Requirement: Skip the pictures and copy all the data that follows exactly.

The data:
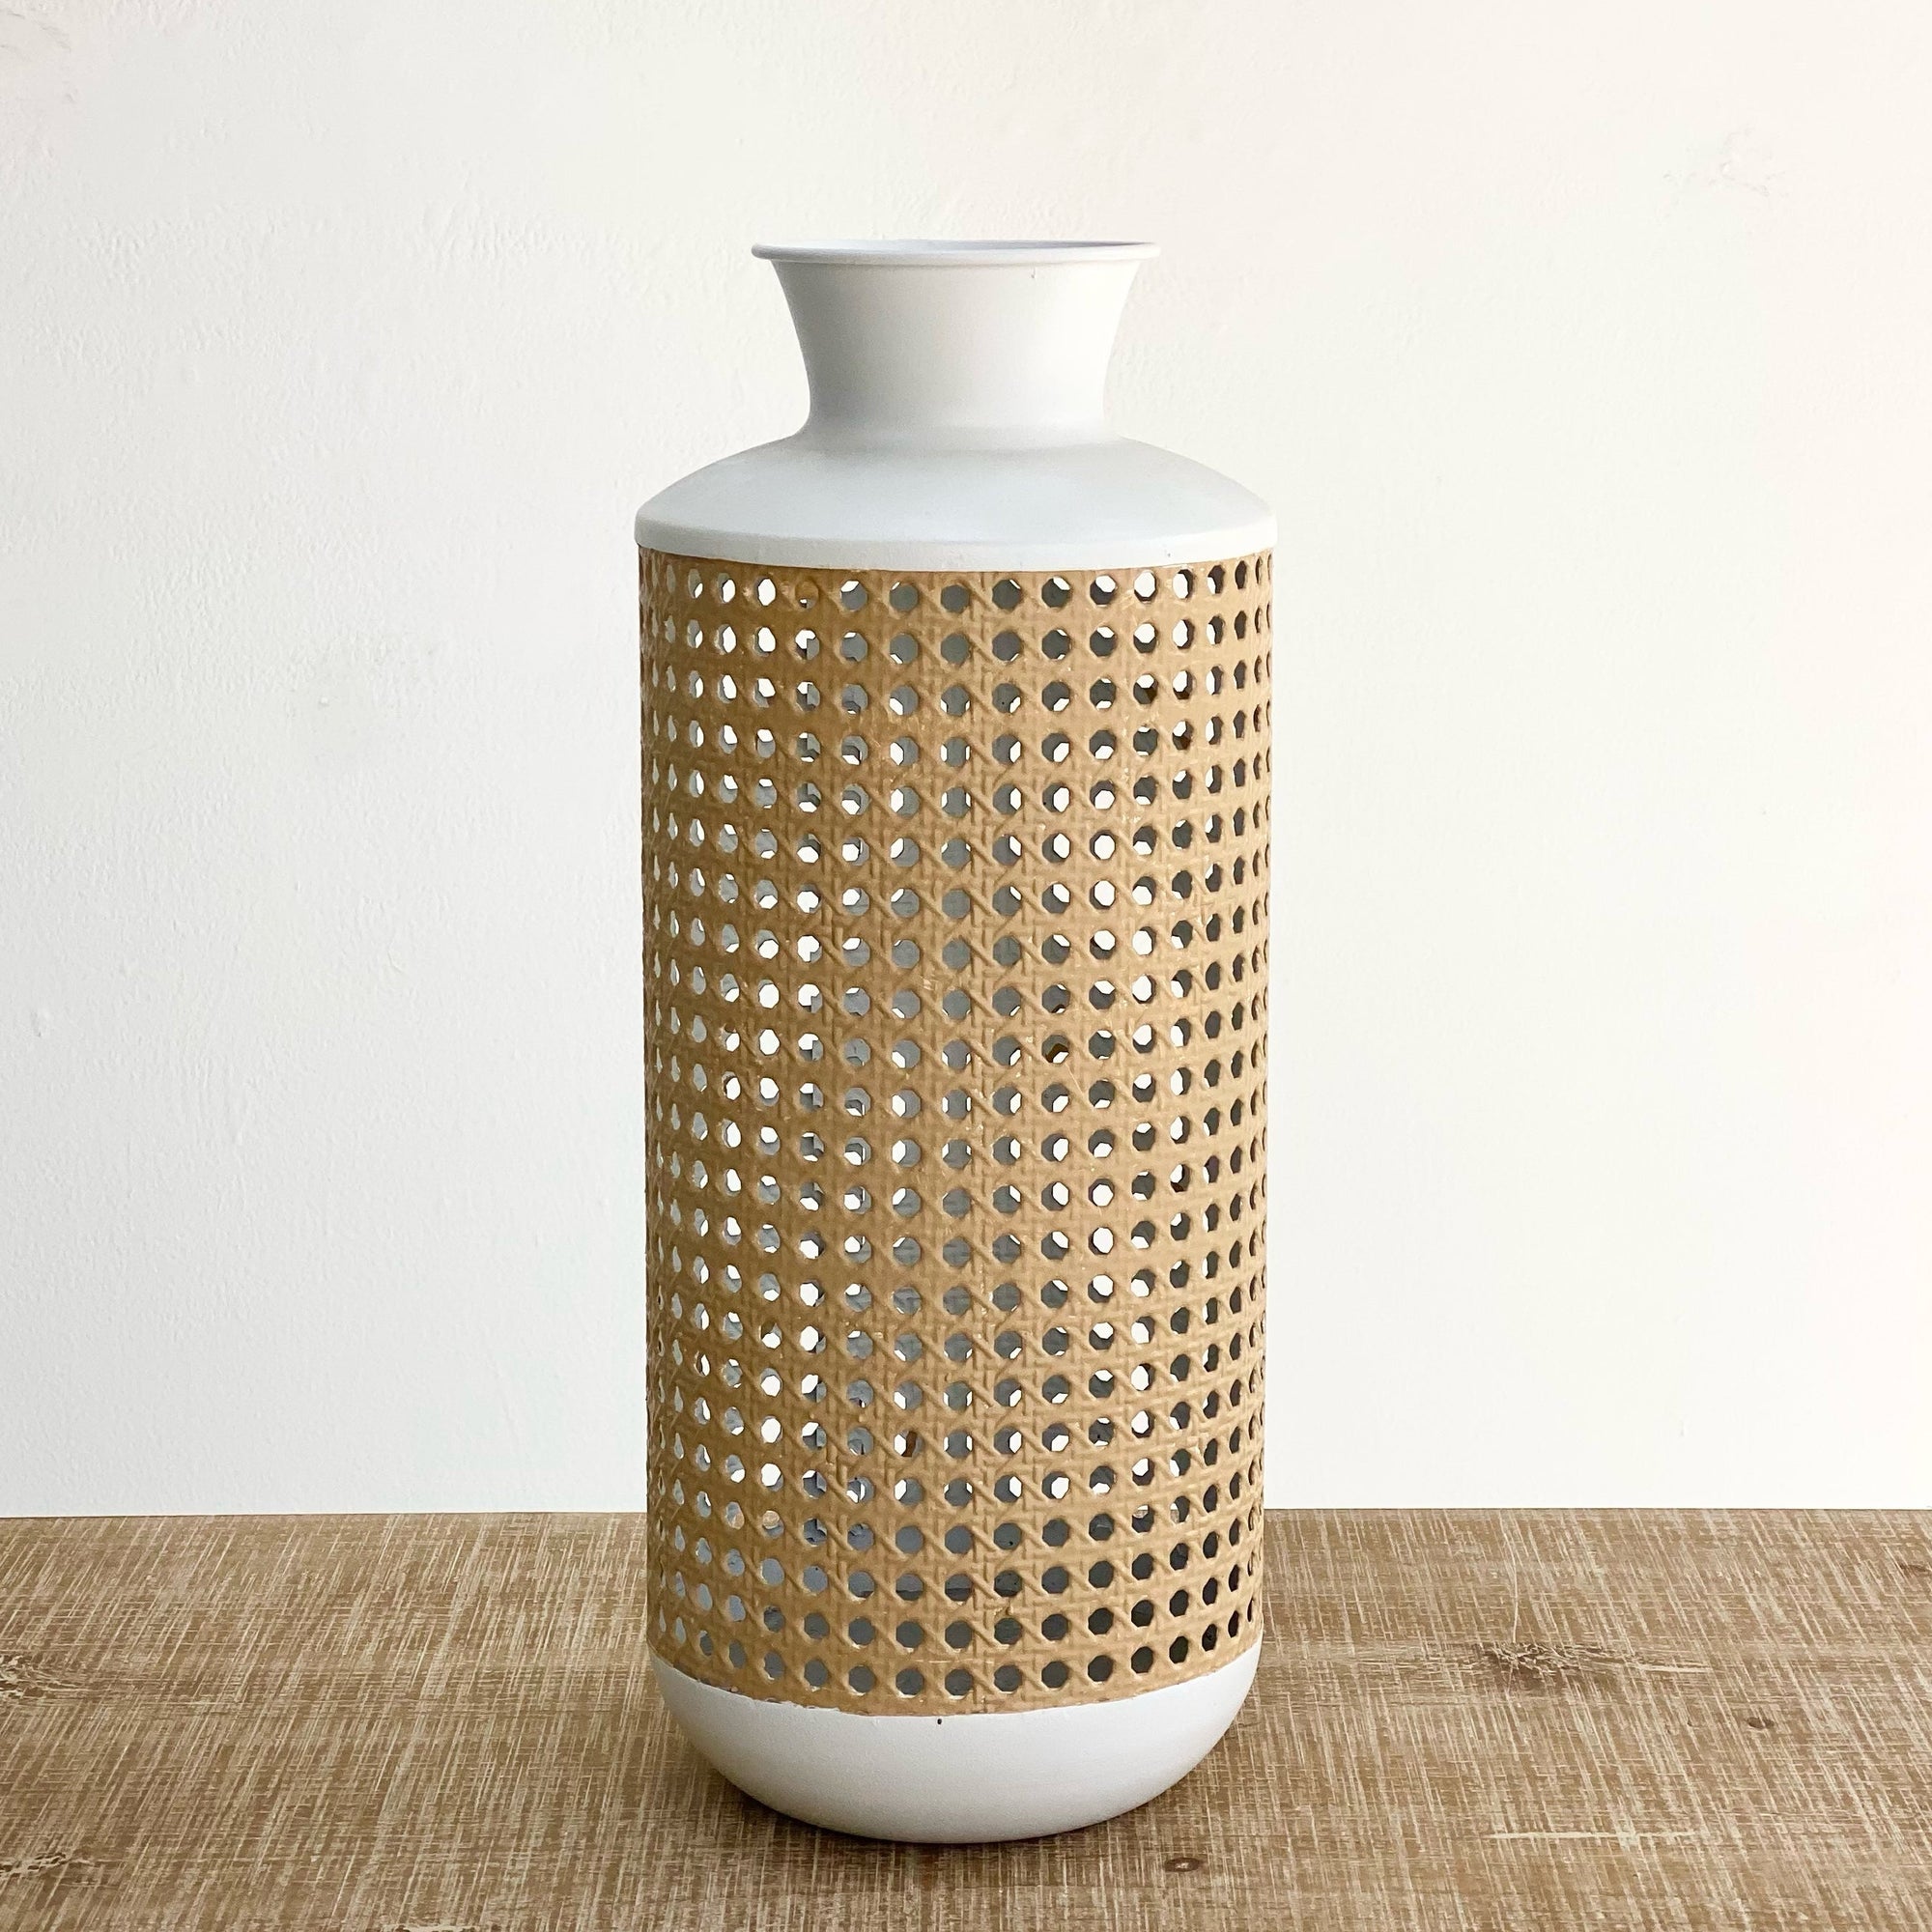 White Rattan Look-Alike Metal Vase
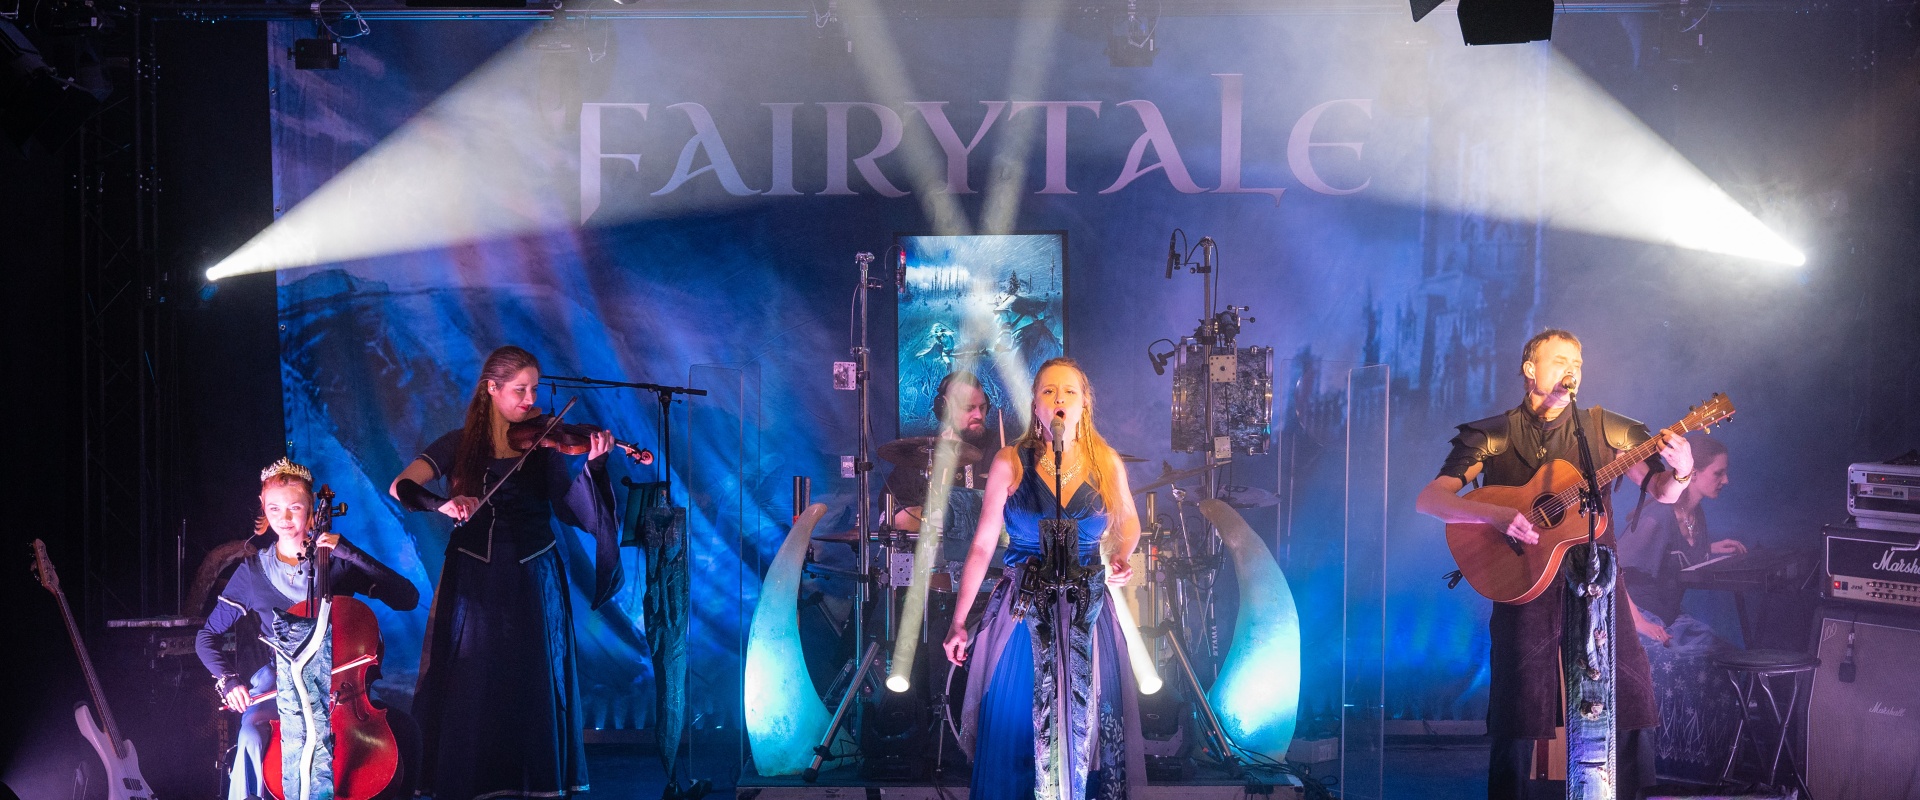 Fairytale live 1 Andreas Gladis1
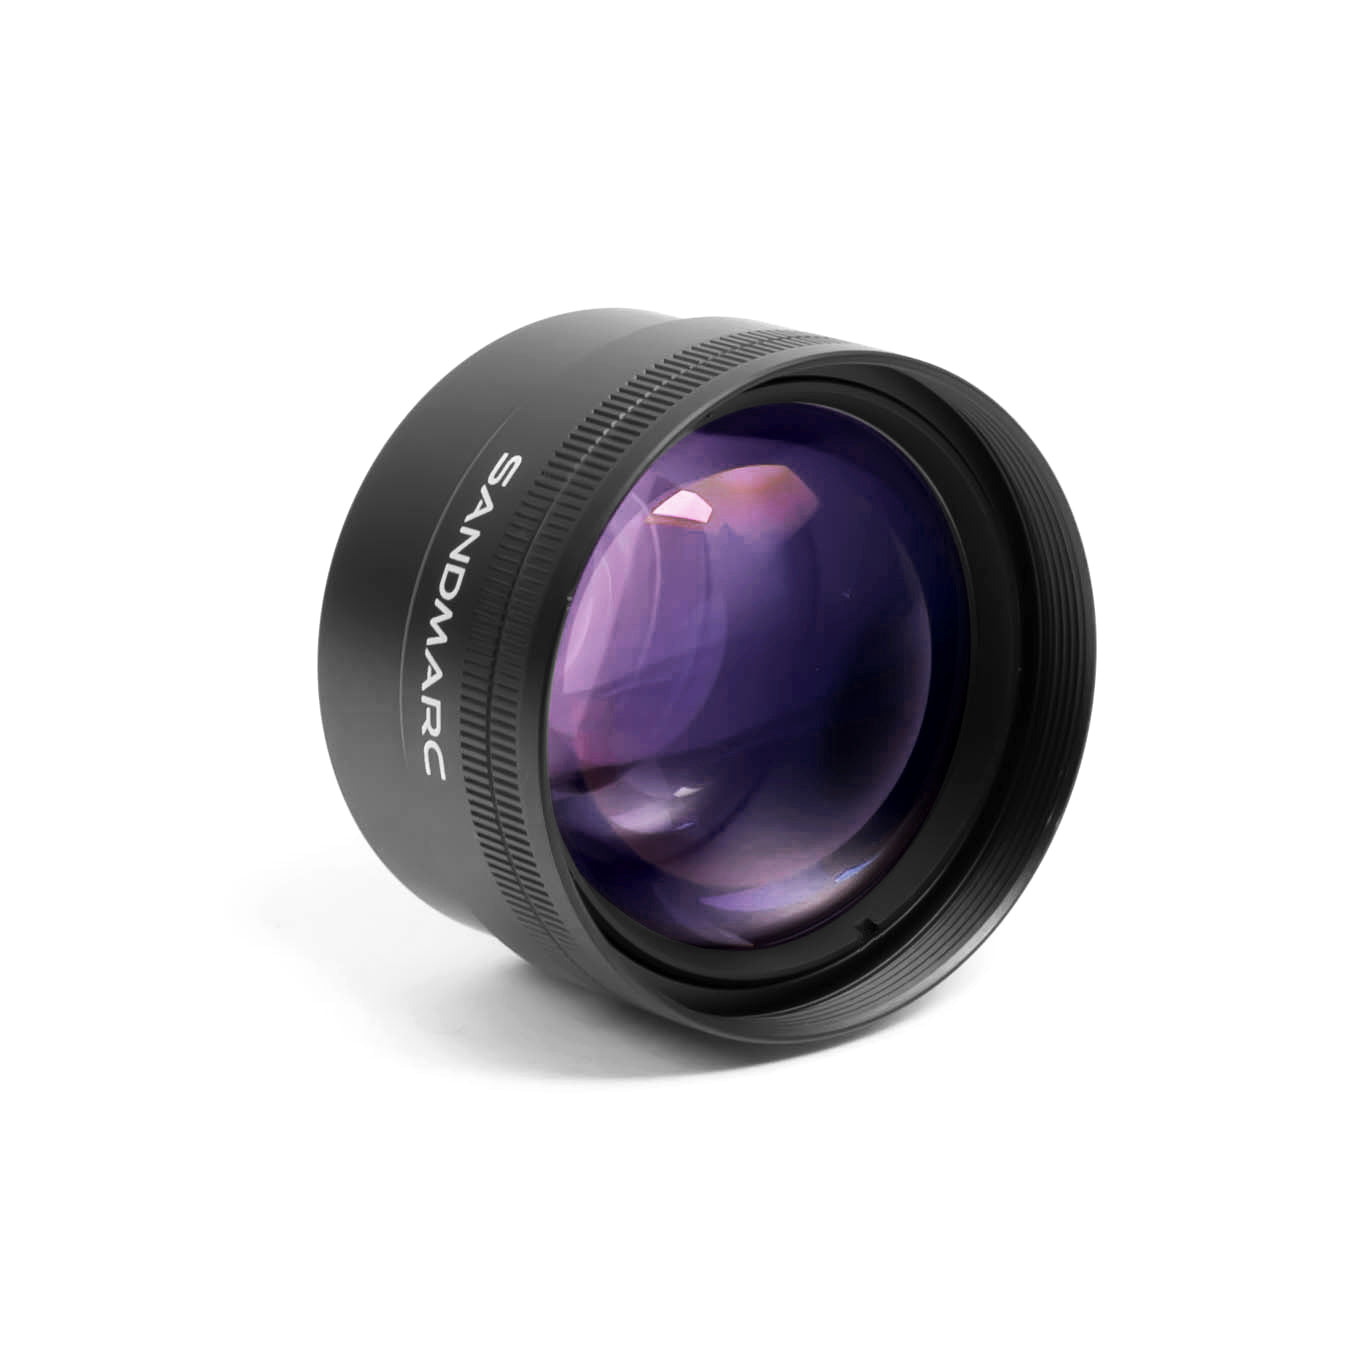 Telephoto Lens Edition - iPhone 11 Pro - SANDMARC
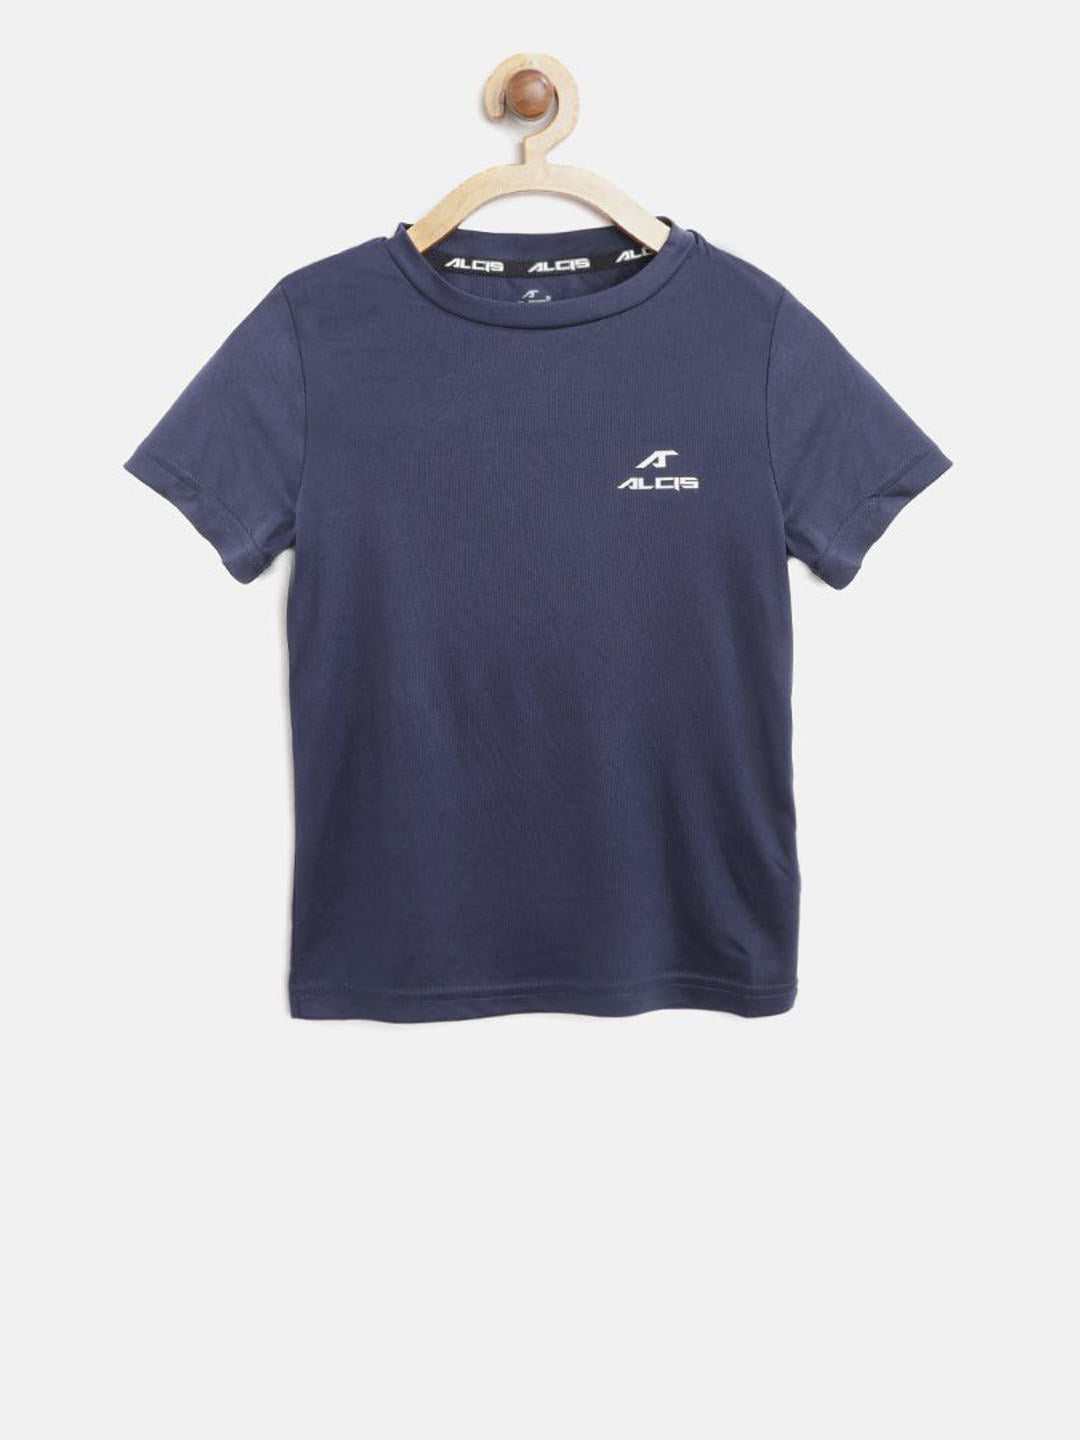 Alcis Boys Navy Blue Solid Round Neck T-shirt BTE8035-4

Result:
 White Rattan Look-Alike Metal Vase
 Fairytale live 1 Andreas Gladis1
 Telephoto Lens Edition - iPhone 11 Pro - SANDMARC
 Alcis Boys Navy Blue Solid Round Neck T-shirt BTE8035-4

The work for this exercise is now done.